**Prompt**
What is needed here is an exact repetition of the records below, beginning at the line that has "与日本酒相配的菜肴以及从全国各地以合理价格订购的日本酒♪" and stopping after the line that has "التلفزيون المصري يشيد".

**Given records**
☆ ☆ ☆ ☆
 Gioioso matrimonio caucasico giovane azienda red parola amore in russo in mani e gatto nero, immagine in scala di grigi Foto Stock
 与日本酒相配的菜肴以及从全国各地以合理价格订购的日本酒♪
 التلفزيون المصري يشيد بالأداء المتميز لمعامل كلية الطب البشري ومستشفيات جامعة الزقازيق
☆ ☆ ☆ ☆
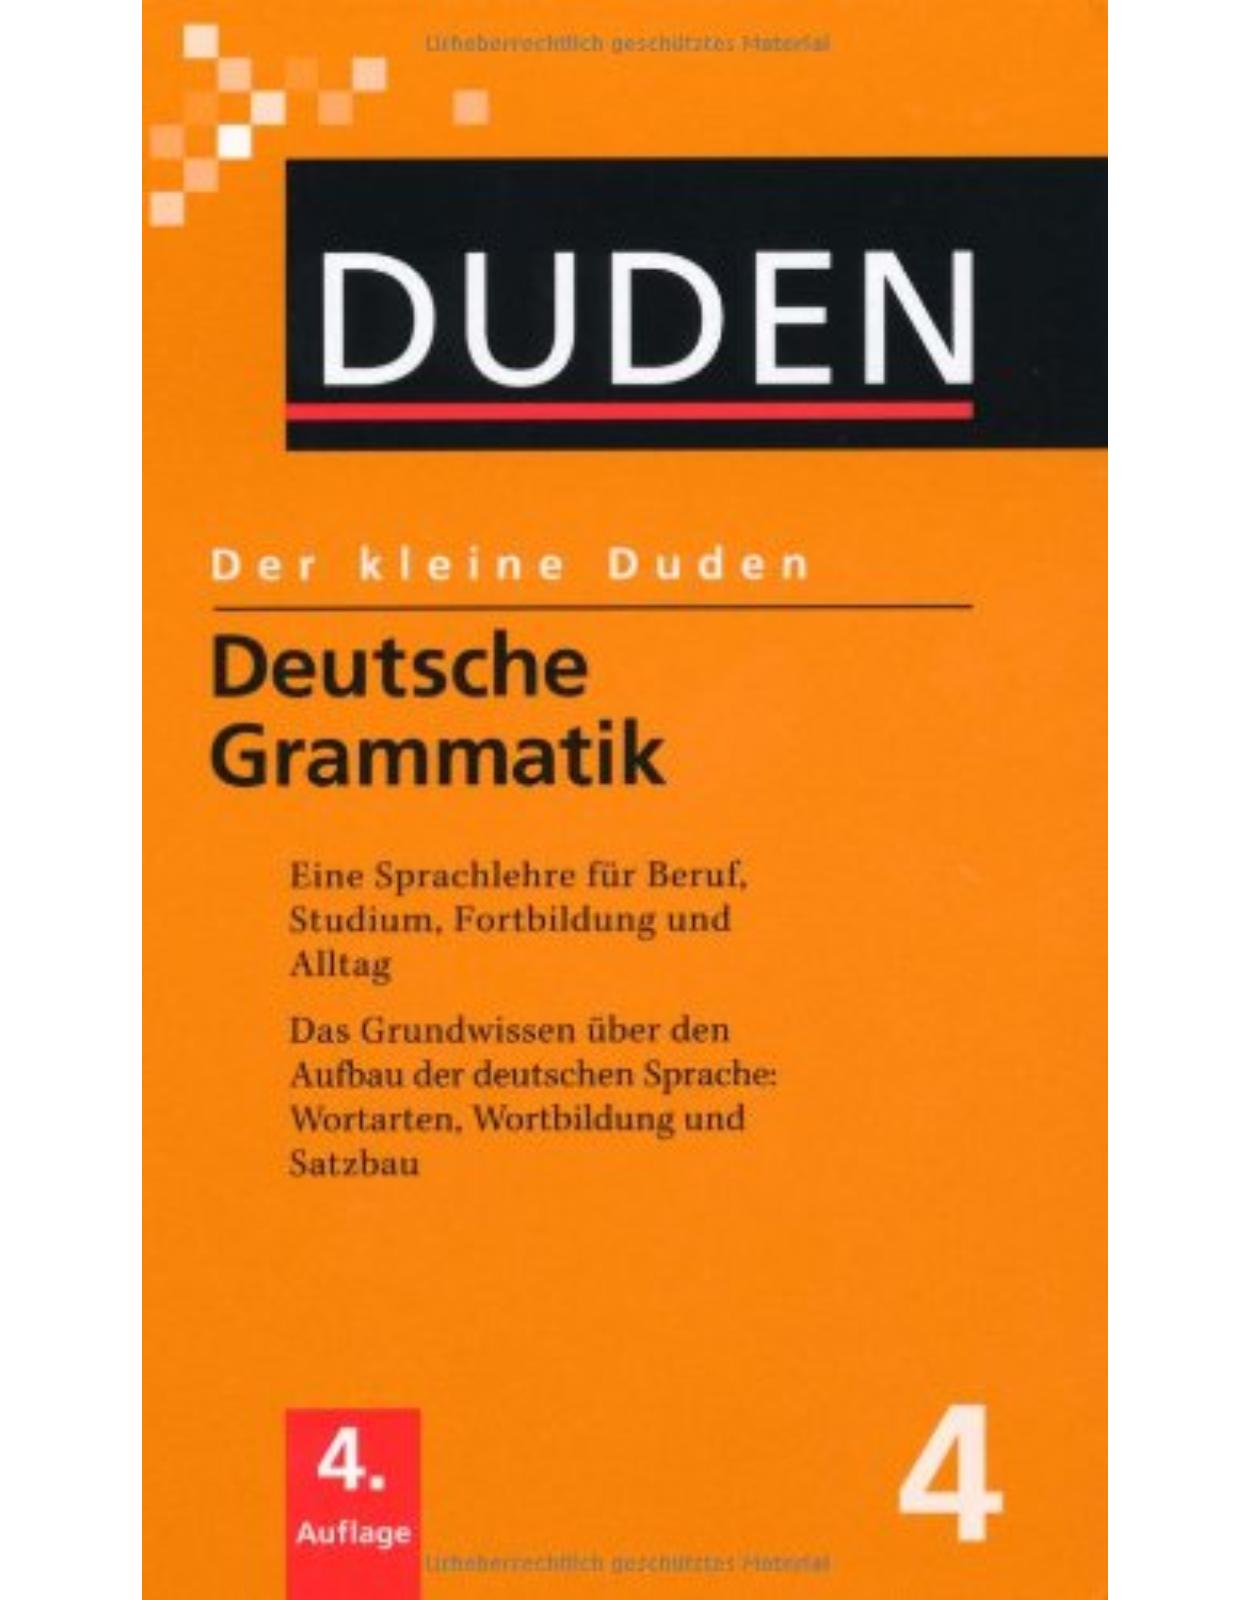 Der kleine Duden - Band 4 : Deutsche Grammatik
☆ ☆ ☆ ☆
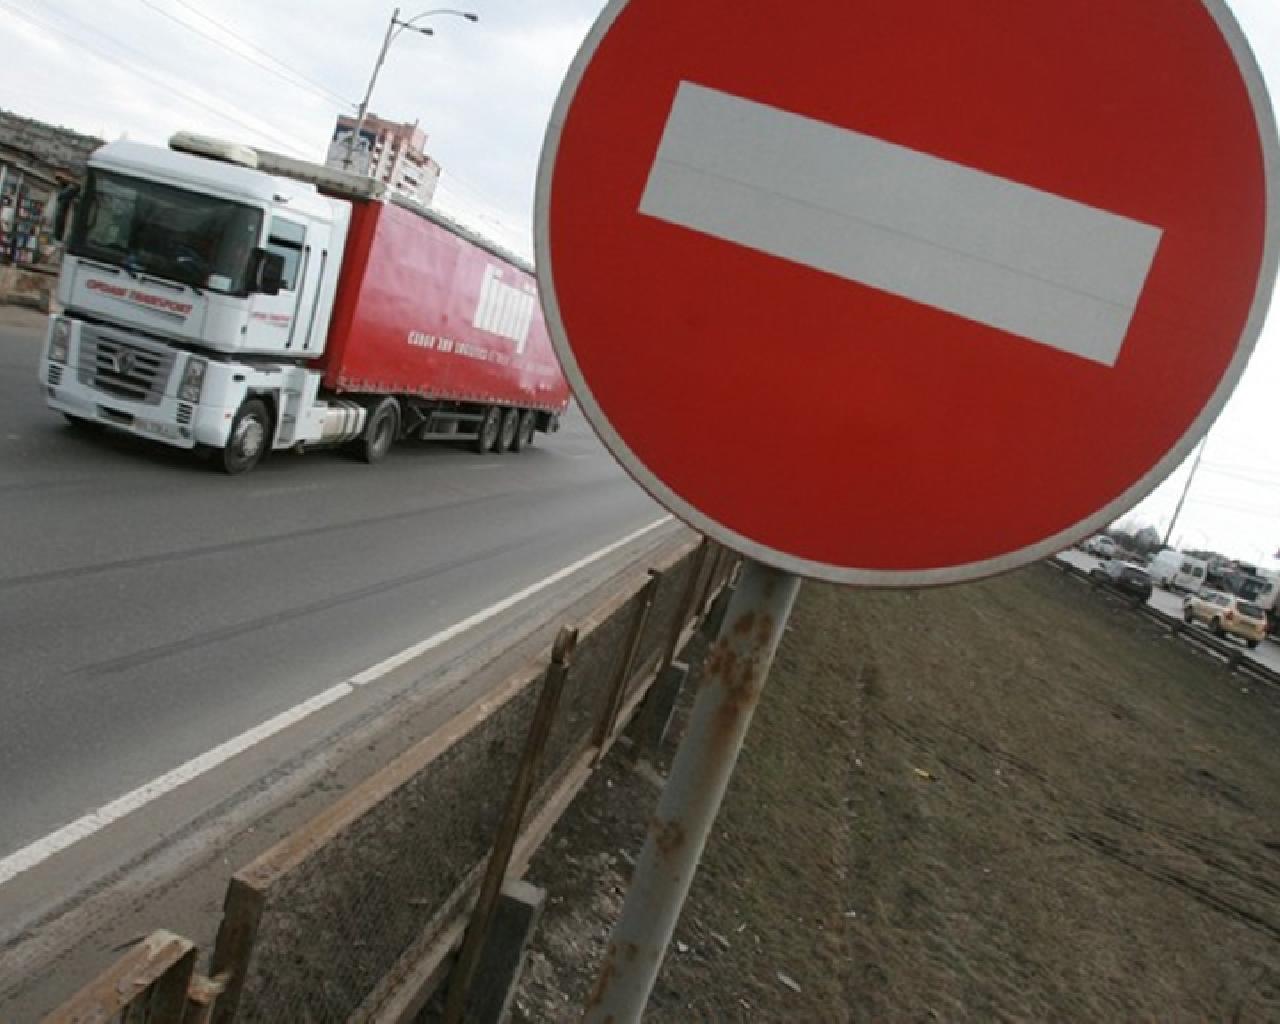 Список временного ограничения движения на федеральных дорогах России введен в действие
☆ ☆ ☆ ☆
**Response to the exercise**
 与日本酒相配的菜肴以及从全国各地以合理价格订购的日本酒♪
 التلفزيون المصري يشيد بالأداء المتميز لمعامل كلية الطب البشري ومستشفيات جامعة الزقازيق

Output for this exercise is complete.